Top Writing Tips


Sometimes there is so much to remember when we’re writing that it’s easy to forget some things, but all it takes is some quick and easy tips to give ourselves that little push to make sure we’ve covered all the necessary elements to write a good story.
So, to make sure you don’t miss the obvious, here are some quick and easy writing tips:-
1. BANG!
That’s your opening gambit. Or something very similar. 
In other words, start your story at a pivotal moment in your character’s life, a moment of change, a moment of jeopardy, or even a bang; something that makes the reader instantly sit up and take notice.
Don’t ever start a story with lots of backstory. That means the reader would have to wade through three of four pages of boring information before anything notable happens.  Your opening chapter, and your opening sentence, should grab the reader and throw them right into the action, right from the outset.
2. Tempt, Tease & Tantalise
Sell the story like you mean it. In other words, never lose sight of the whole story and what it means for the reader. So you’ve grabbed their attention with a good opening, you’ve set the scene, you’ve introduced the main character and you set up the conflict…but then what?
Well, you keep doing just that you have to hold the reader’s attention for the entire story – tempt, tease and tantalise the reader from the opening sentence to the closing paragraph. That means you have to keep them reading by tempting them with what may come, you have to engage and entice them with the story by dangling those carrots and you have to excite and frustrate them in equal measure, right until the end.
3. Create Conflict
If there is little conflict there is no story.
Every story needs it. That means there will be a protagonist and an antagonist working against each other, and there will always be something stopping the main character reaching his or her end goal. That’s what conflict is about.
Conflict causes tension and tension causes atmosphere. Your story should never be as flat as a calm lake. Instead it should be rolling and roiling like a stormy sea.
Conflict comes in three forms, so make every use of them:-
Man v. man (external)
Man v nature (external)
Man v himself (internal)

4. Raise the Stakes!

Don’t make it easy for your main characters.

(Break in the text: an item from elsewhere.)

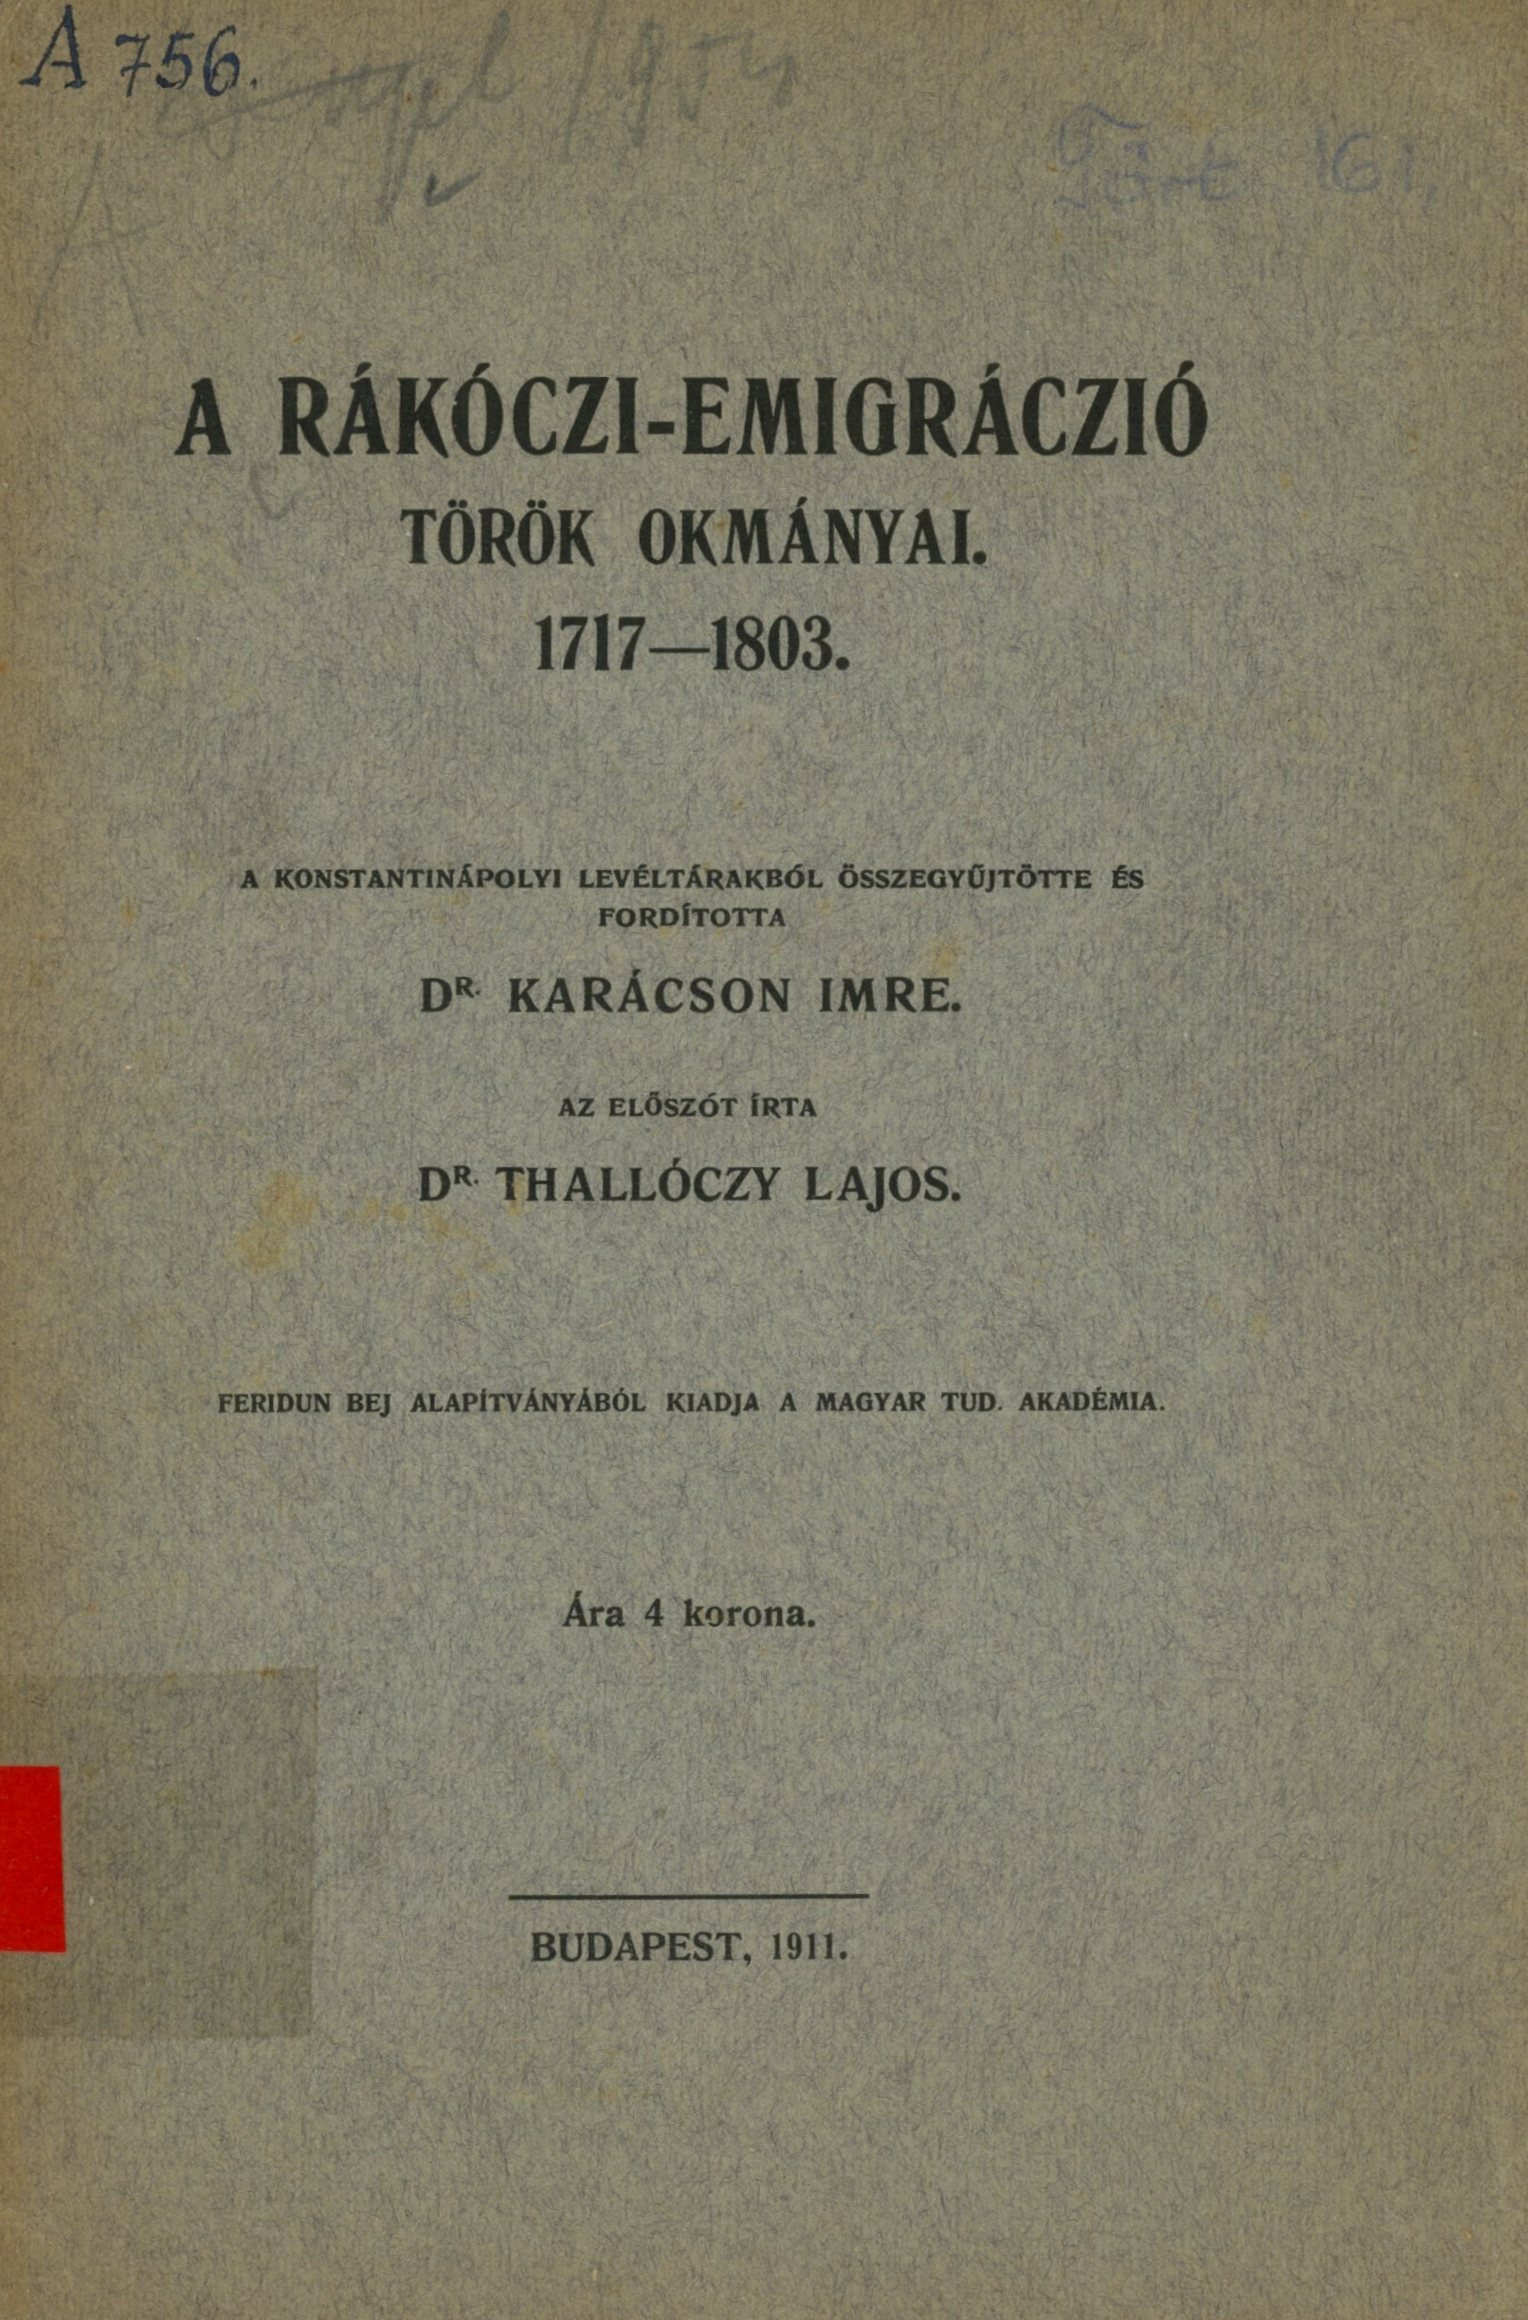 A Rákóczi-Emigráczió török okmányai 1717 - 1803 (Erkel Ferenc Területi Múzeum, Gyula CC BY-NC-SA)

In fact, make it as hard as possible for them to reach their ultimate goal. Be mean. Back them into corners, give them problems to deal with, place barriers in their way, give them dilemmas and force them to make choices.

Keep raising the stakes...readers love it.

5. Dump the Info Dump

Many writers fall headlong into the info dump.  This is when there is too much explanation in the narrative, where the writer has forgotten that huge chucks of information will bore the reader senseless. Readers don’t mind information, but in small, easy to digest snippets. In truth, they just want to get back to the action.
If you’ve written three pages of explanation or backstory, go back and edit it until it’s no more than three or four paragraphs.
6. Go on a Wordy Killing Spree
Go through your story and kill all those pesky adverbs and adjectives - they just love to creep into the narrative and weaken it. Instead, replace them with nouns and verbs, which strengthen the narrative.
Get rid of all those dangling participles at the beginning of sentences, look out for repetition, weed out the instances of ‘was’  from your descriptive passages, and make sure your descriptions don’t suffer from wordiness.
7. Show, Don’t Tell
Everybody knows this maxim. Where important descriptions are concerned, show the reader, don’t tell them. Your story isn’t an instruction manual. If you tell the reader everything, rather than show them, they won’t be able to engage with the story or your characters, they won’t be able to imagine being there in that moment.
For example, don’t tell them that two characters are trying to cross a fast flowing river to rescue someone on the other side, that they used a rope and made it safety. That’s boring.
Show the reader how the characters struggle with the current, show the danger, the fear. Show them the conflict (man v. nature), and show the determination and strength of courage and finally show them the relief when the reach the other side.
By ’showing’ the reader, you strengthen your key scenes considerably.
8. Make Your Ending Count
Your ending should never be a damp squib. It should be satisfactory for both writer and reader – in other words, it should be absolutely right for the story.
Don’t overwrite it, or let it drag on, but don’t leave the reader scratching their head or feeling they’ve been short changed, either. Put as much effort into creating the right ending as you would to create a great opening for your story.
If it doesn’t feel right, then it probably isn’t.  Endings should tie up all the loose ends and more importantly, leave the reader gratified and contented with the outcome.
9. Read Your Story Aloud
Another great way to edit is to read your story aloud.  This may seem strange, and you may feel silly doing it, but it is a fantastic way for you to actually ‘hear’ what you have written, as opposed to reading it.
Reading it aloud allows you to listen to your dialogue – does it sound real enough, does it make sense? It also allows you to hear the pace of your story and whether it flows correctly, and whether all your sentence structures read well.
10. Write, edit, write, edit…
First drafts are but the skin that covers the bare bones. That means no one can ever write a perfectly polished, publishable story/novel first time around. It never happens, because the story will be full of mistakes, there will be too many long scenes, stuff that doesn’t quite make sense, characters that can be ditched, holes in the plot, not enough description, or not enough dialogue, or subplots and loose ends that need to be tidied up.
What writers do, however, is edit each draft until it’s a close to perfect as possible. Some writers can do it in two or three edits, depending on their experience, others need four or five edits. But each time you edit, the story should improve, until there are no plot flaws, everything reads smoothly, there is a good balance of narrative, dialogue and description, there are no grammar errors, the subplots compliment the main story and the characters are fully fledged and so on.
Never lose sight of all these elements and you won’t go far wrong in your writing.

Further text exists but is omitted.